Achja: Ich bin Student und 20 Jahre alt. Ich habe bisher diesen Tarif gefunden, der mit zusagt: https://www.winsim.de/tariffs/winsim-lte-mini-sms-3gb Hat jemand Erfahrungen mit dem Anbieter?

Danke schonmal für eure Antworten.


----------



## Michilo (13. Januar 2016)

*AW: Suche günstigen LTE-Tarif*

Warum auch immer über Amazon noch um 1 Euro günstiger pro Monat. winSIM LTE Mini SMS 3GB monatlich kündbar: Amazon.de: Elektronik Für Prepaid eigentlich ganz gut, wenn man mit dem 0[SUB]2[/SUB]-Netz klar kommt. Ansonsten gibt es immer hier und da gute Angebote, die dann aber oft nur wenige Tage buchbar sind.


----------



## WaldemarE (14. Januar 2016)

*AW: Suche günstigen LTE-Tarif*

Oder das Vodafone CallYa: Prepaid-LTE mit 50 Mbit/s und mehr Datenvolumen - ComputerBase


----------



## Michilo (14. Januar 2016)

*AW: Suche günstigen LTE-Tarif*



WaldemarE schrieb:


> Oder das Vodafone CallYa: Prepaid-LTE mit 50 Mbit/s und mehr Datenvolumen - ComputerBase



Das Paket ist sehr gut für Leute die viel im Vodafone Netz telefonieren. Da der Thread-Ersteller aber wenig telefoniert, halte ich seinen Tarif für Sinnvoller, wenn man mit dem O2-Netz zufrieden ist.


----------



## Maqama (15. Januar 2016)

*AW: Suche günstigen LTE-Tarif*

Ich hole mir nur noch Datentarife, die sind wesentlich günstiger.
SMS Flat braucht eh niemand mehr.

Hier gibts für 6,66€/Monat
3GB LTE 225MBITS im Vodafone Netz

Wie viel die Minute kostet kann ich leider nicht sagen, da müsste man mal beim Support nachfragen.
Bin der Meinung, dass man kein viel besseres Angebot kaum findet.

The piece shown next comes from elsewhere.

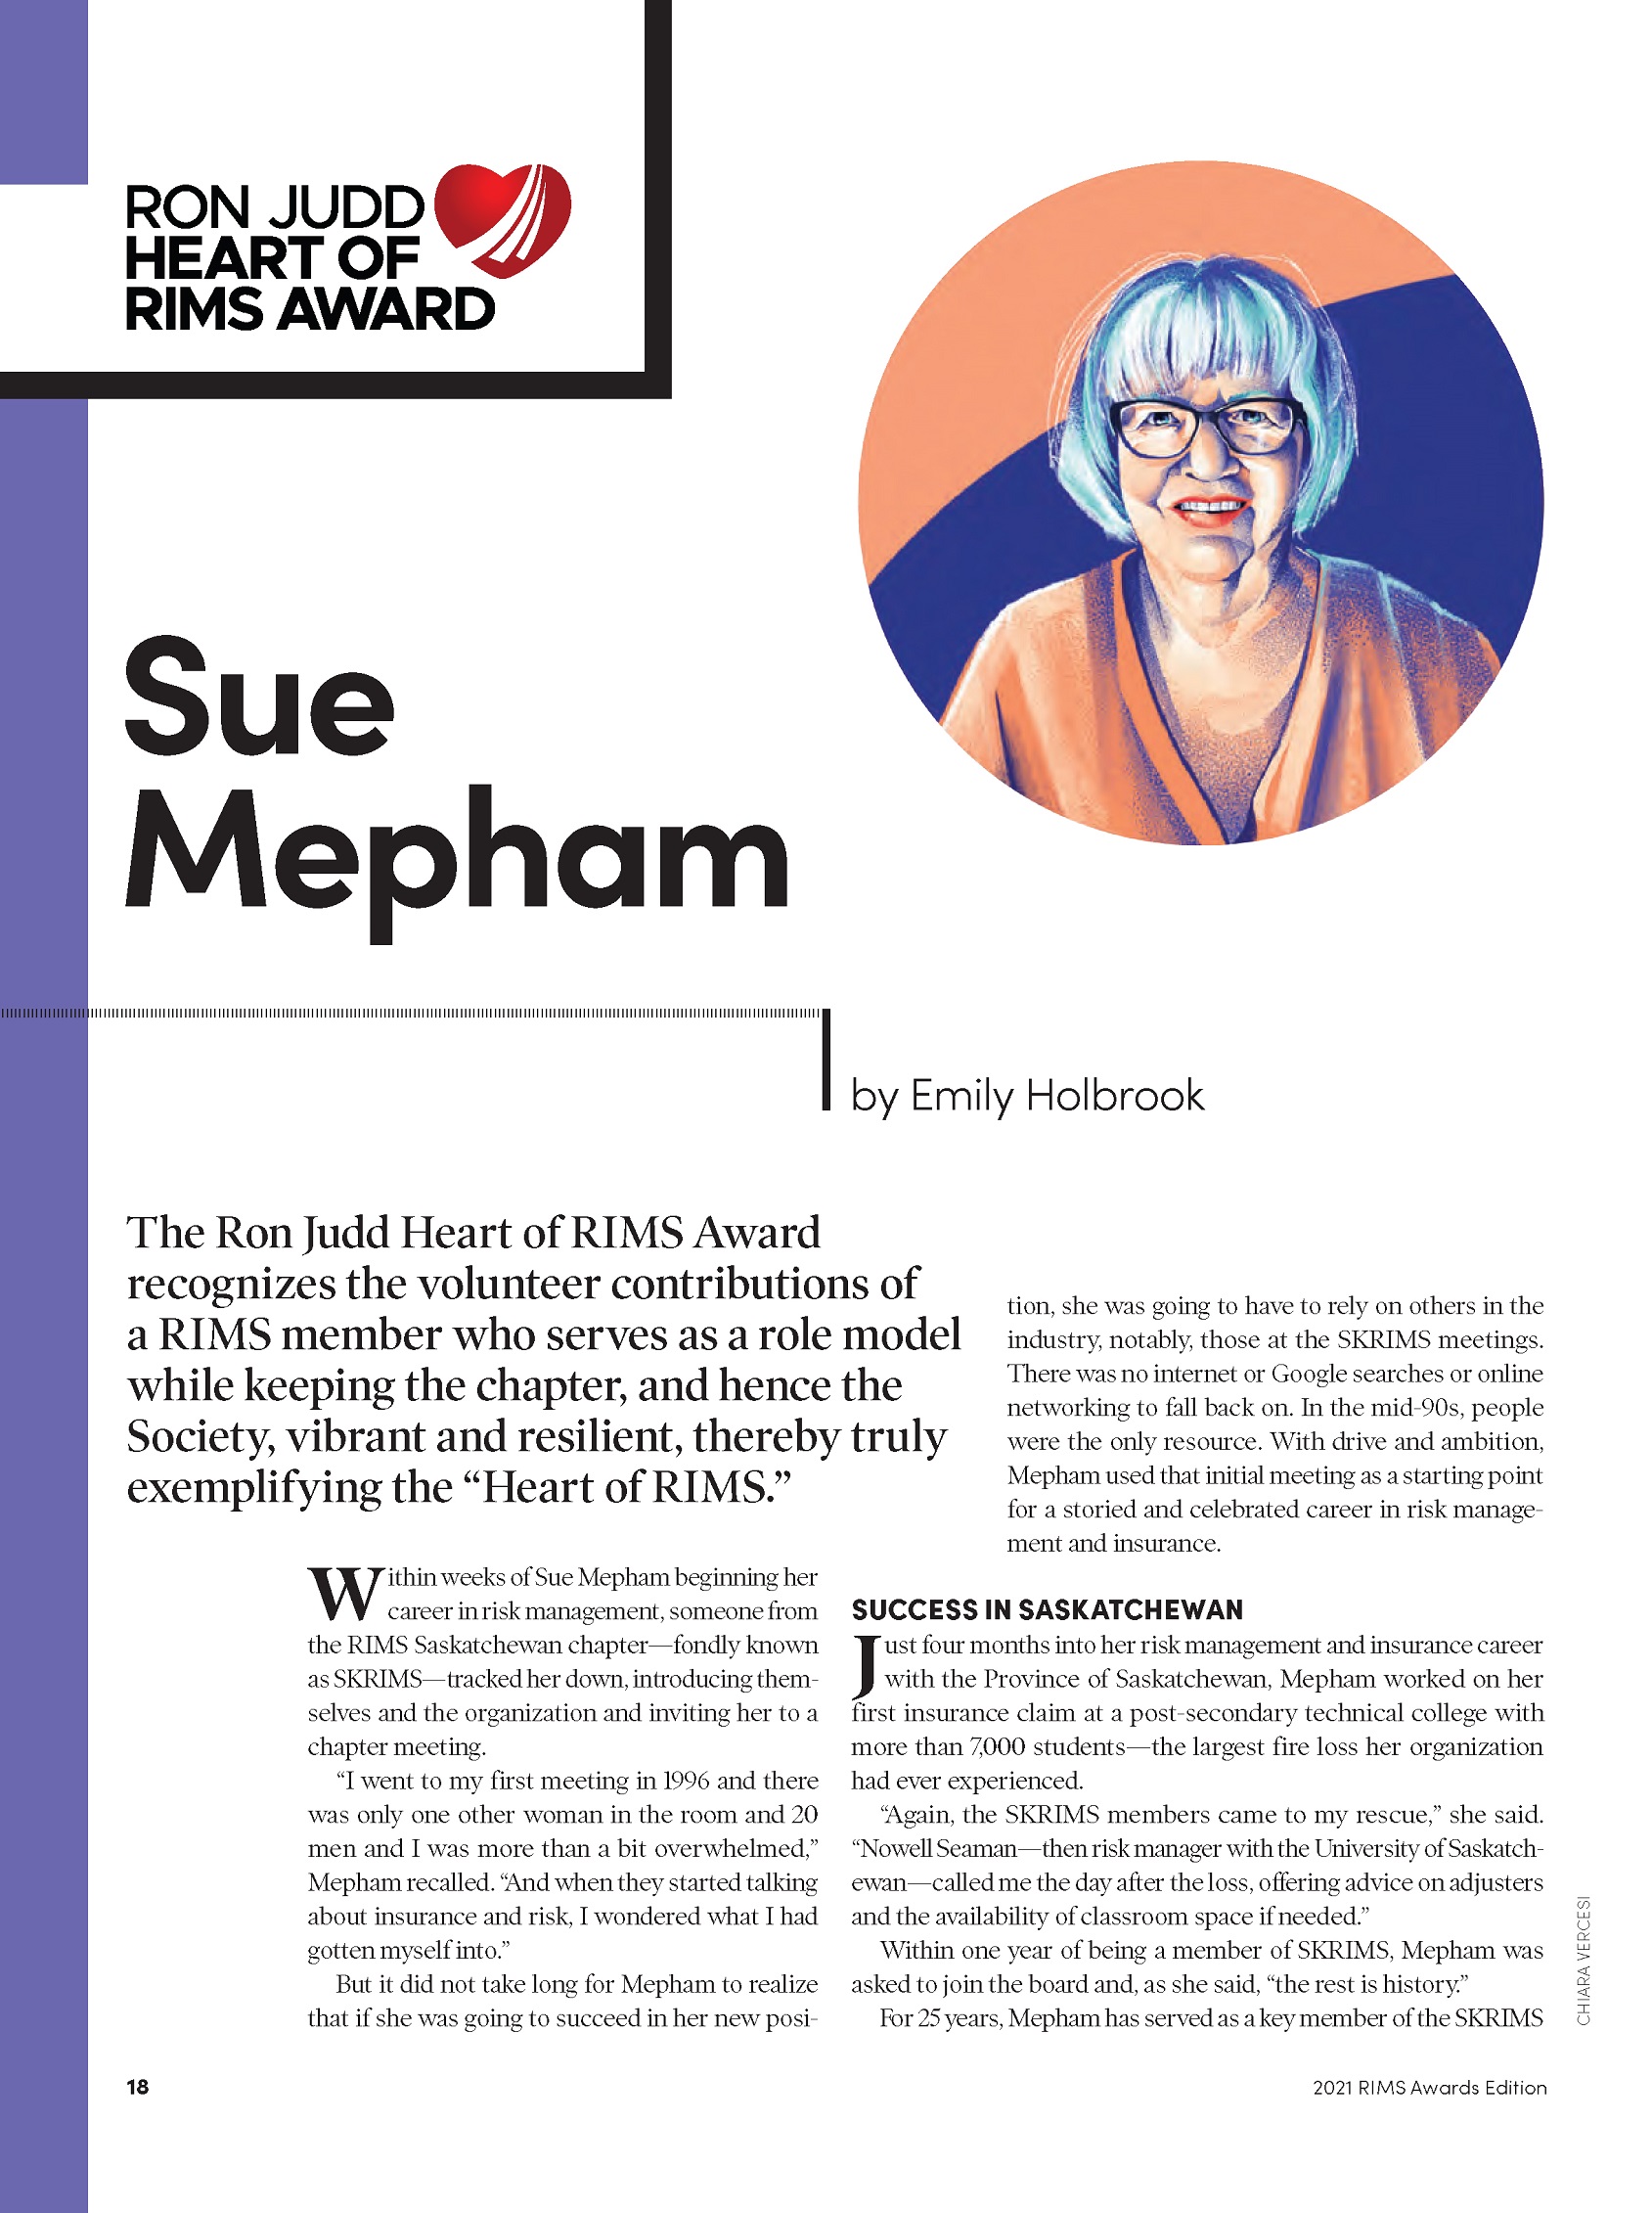 Chiara Vercesi Risk Management portrait illustration of Sue Mepham

Ihr Mobilfunktarif - Jetzt Angebot online bestellen auf VERIVOX


----------



## blautemple (15. Januar 2016)

*AW: Suche günstigen LTE-Tarif*

Kann man denn mit solchen Datentarifen auch telefonieren?

Edit: OK hat sich erledigt. Eine SMS kostet wohl 19ct und telefonieren kostet 29ct pro Minute


----------



## Maqama (15. Januar 2016)

*AW: Suche günstigen LTE-Tarif*

Klar kann man telefonieren =D

Da ich kaum telefoniere, ist das ein super Angebot für mich =D


----------



## AAce (20. Januar 2016)

*AW: Suche günstigen LTE-Tarif*

in russland kostet 1GB mobiles datenvolumen 1,50€.
per pre-paid kann man sich 30GB um einmalige 18€ kaufen.
sind ohne vertrag also 0,6€ pro GB.

die preise in deutschland sind eine frechheit.
in frankreich und den niederlanden ist es nämlich ähnlich günstig.

das die ganze mobile infrastruktur in deutschland obendrauf auch noch mit steuergeldern zum großteil finanziert wird sollte vor den gerichtshof.
bei den wucherpreisen absolut inakzeptabel!


----------



## Pseudoephedrin (20. Januar 2016)

*AW: Suche günstigen LTE-Tarif*

https://handyshop.simyo.de/samsung-galaxy-s4-16gb-black-mist-a-schwarz

Bin seit 4 Jahren bei Simyo. Top Kundenservice und super Empfang, sogar dort wo andere Anbieter keinen haben.


----------



## Redbull0329 (30. Januar 2016)

*AW: Suche günstigen LTE-Tarif*

Ich brauche kein Handy, ich hab schon eins. Ich suche einen Tarif.

Bitte keine Off-Topic Beiträge, das gilt auch für Newfags. Deutschland ist nicht Russland und das ist auch gut so.

Ich werde den winSIM mal ausprobieren, und wenn der Empfang zu schlecht ist wechsel ich wieder, ist ja monatlich kündbar. Danke für die Ratschläge.


----------